An exact transcription of all the data is required, with every image removed.

Given information
+ + +

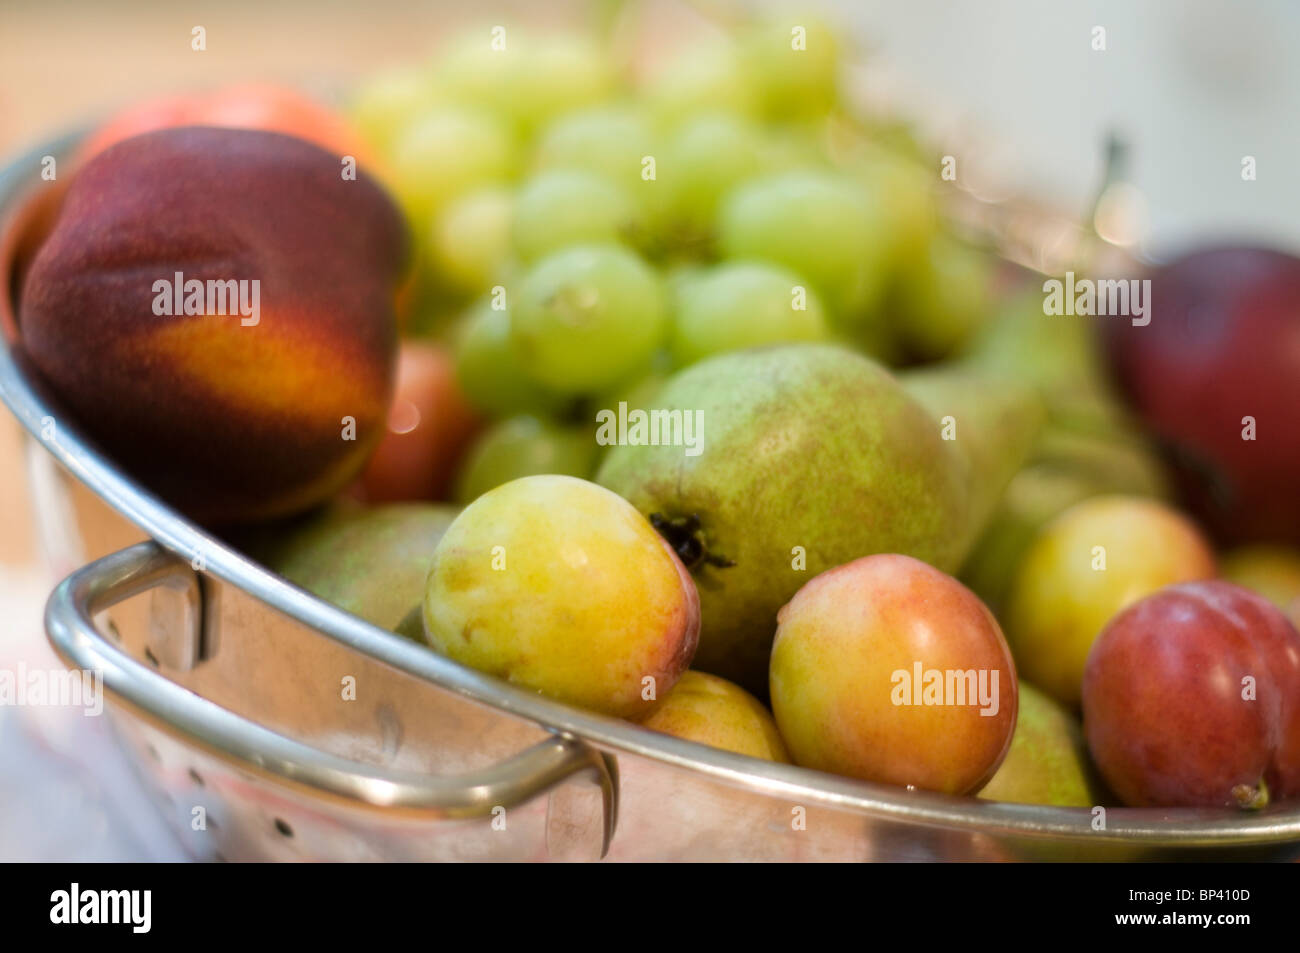 Une passoire de fruits, notamment les prunes, raisins, pommes et nectarines Banque D'Images
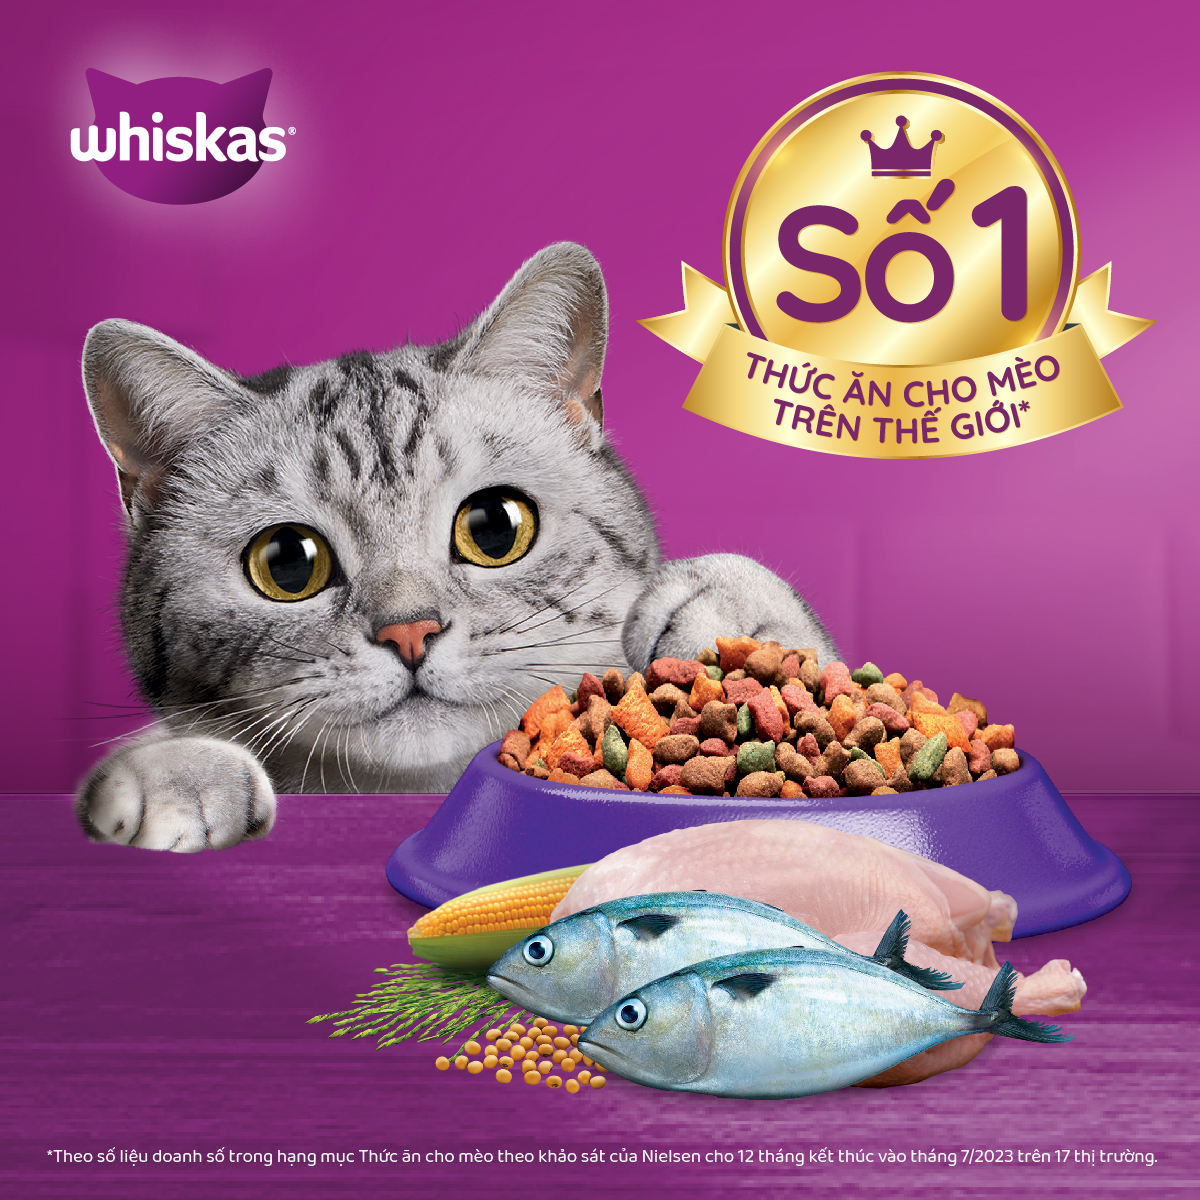 Thức Ăn Cho Mèo Whiskas Adult 1+ YearsVị Cá Thu 1.2kg/Túi
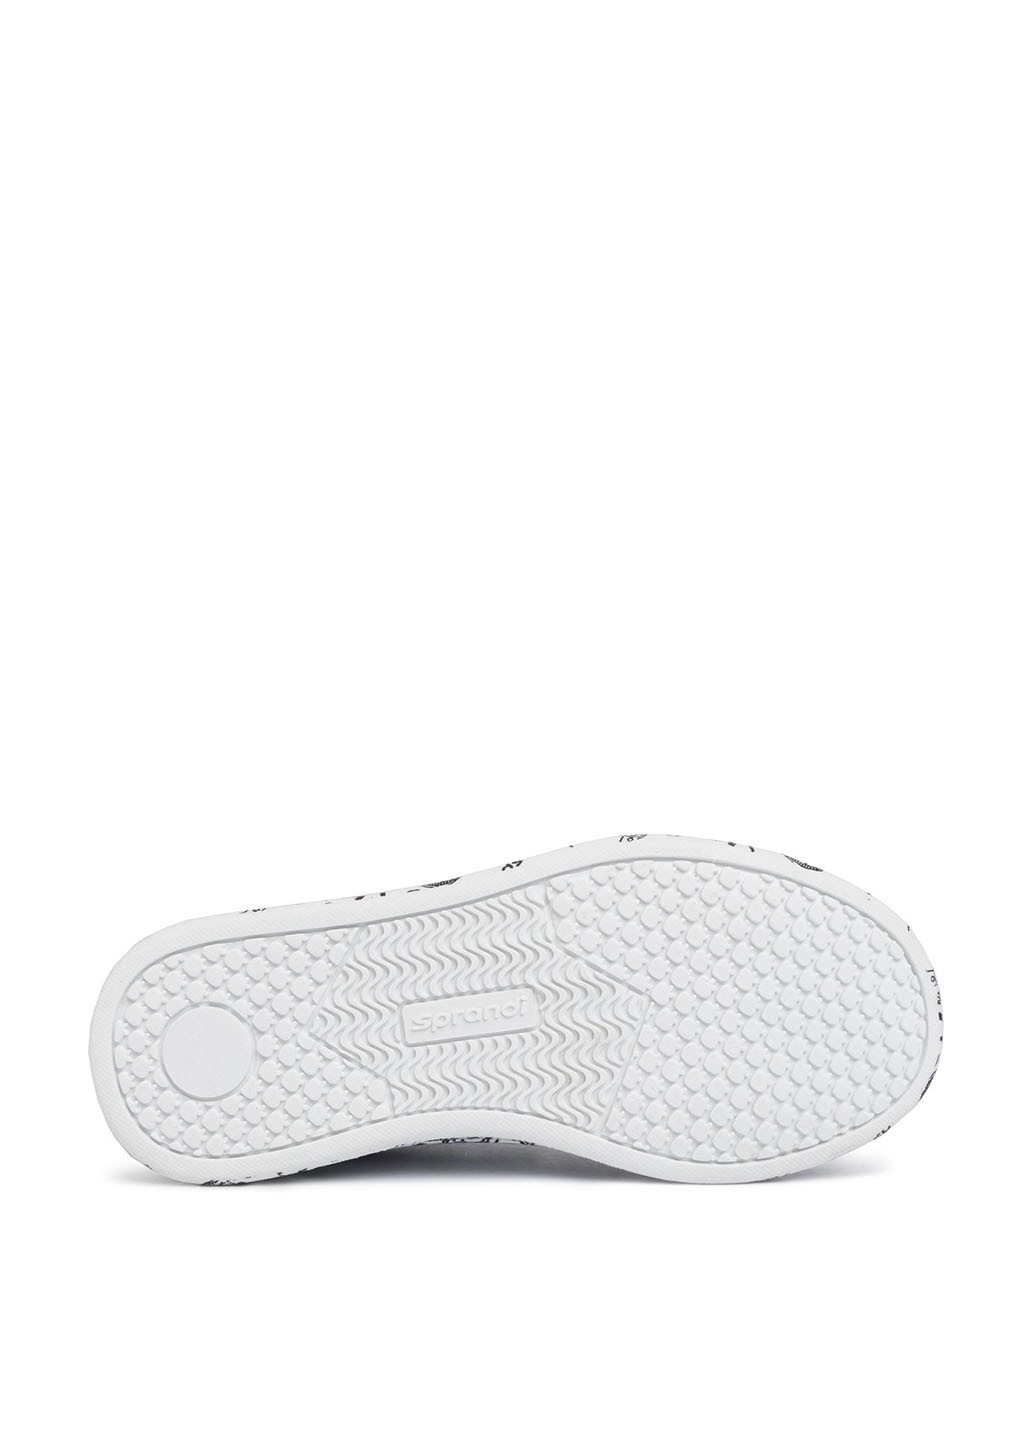 Белые кросівки  cp11-18637 Sprandi Sprandi CP11-18637

+ + +

Response
 Une passoire de fruits, notamment les prunes, raisins, pommes et nectarines Banque D'Images
 Thức Ăn Cho Mèo Whiskas Adult 1+ YearsVị Cá Thu 1.2kg/Túi
 Белые кросівки  cp11-18637 Sprandi Sprandi CP11-18637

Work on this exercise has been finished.